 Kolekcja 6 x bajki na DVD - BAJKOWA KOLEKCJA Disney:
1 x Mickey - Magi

***

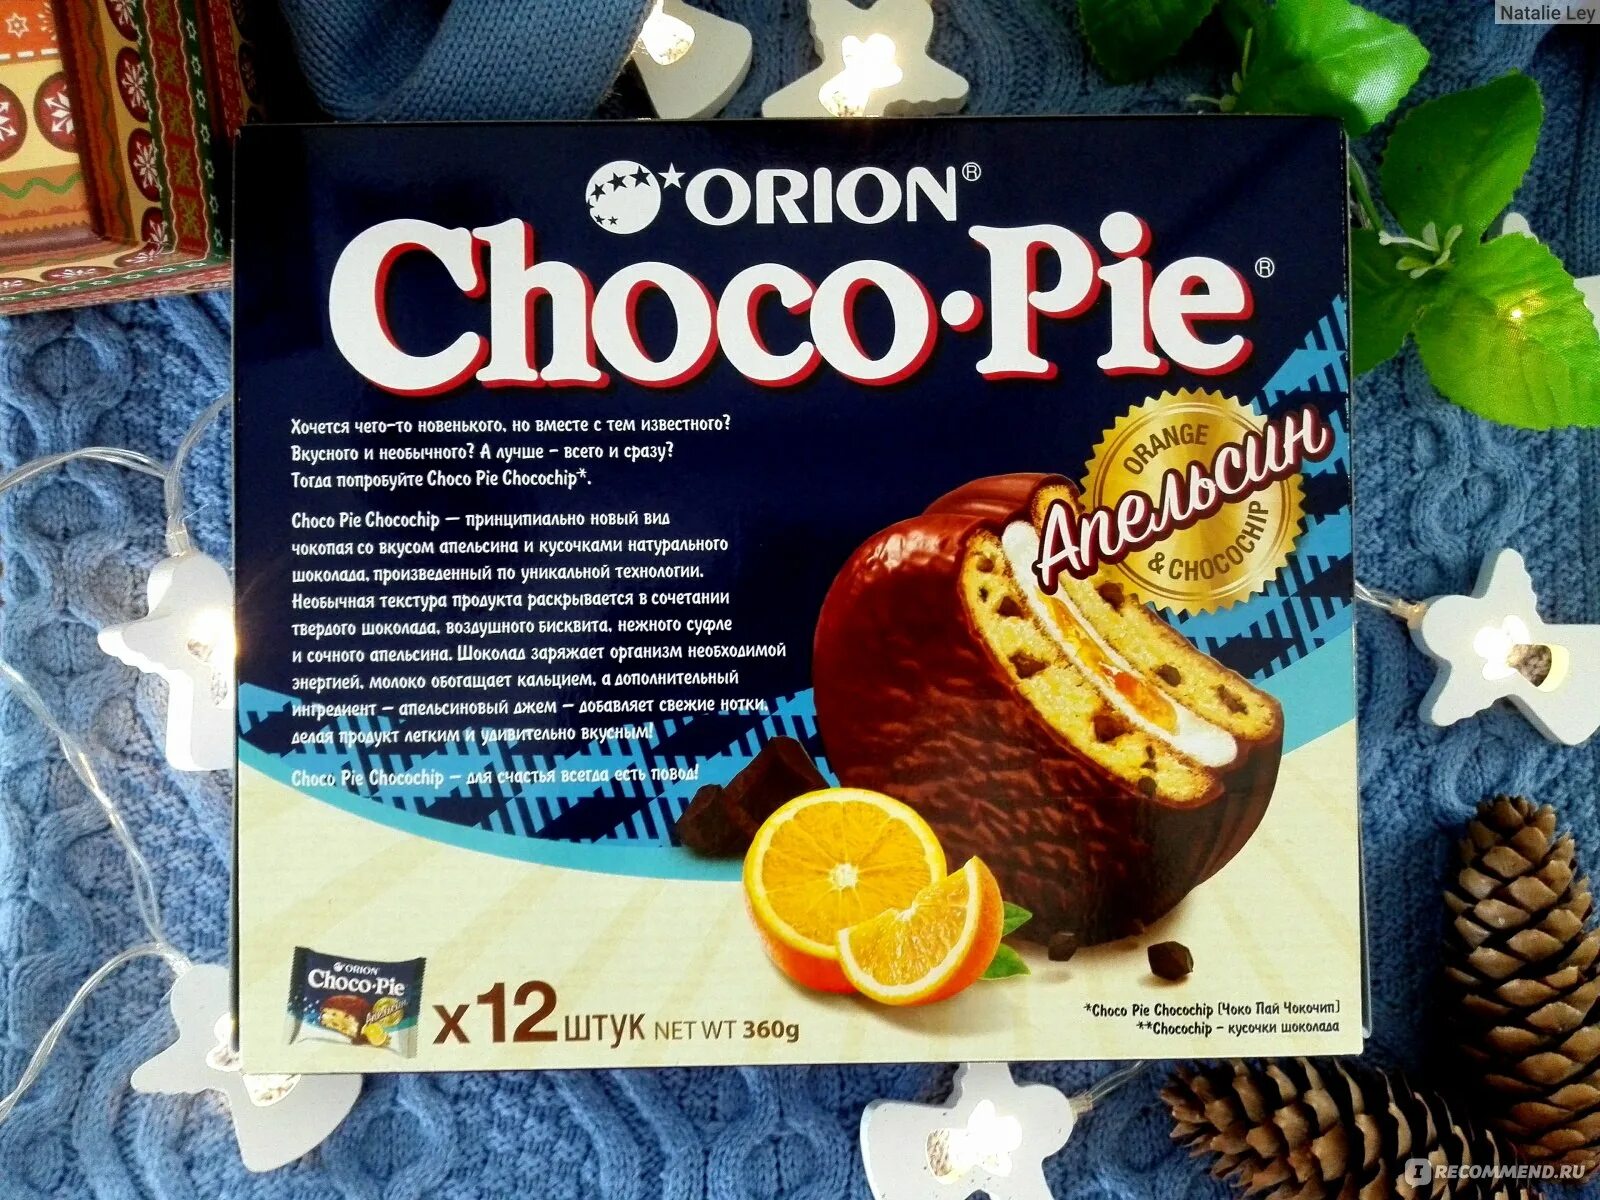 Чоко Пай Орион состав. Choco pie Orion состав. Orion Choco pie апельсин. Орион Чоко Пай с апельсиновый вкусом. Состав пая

***

* [TASK REQUIREMENTS] What you return should be exactly the lines above, starting at the one with "Kolekcja 6 x" and ending at the one with "1 x Mickey - Magi", and nothing else.

* [PROBLEM SOLUTION]
 Kolekcja 6 x bajki na DVD - BAJKOWA KOLEKCJA Disney:
1 x Mickey - Magi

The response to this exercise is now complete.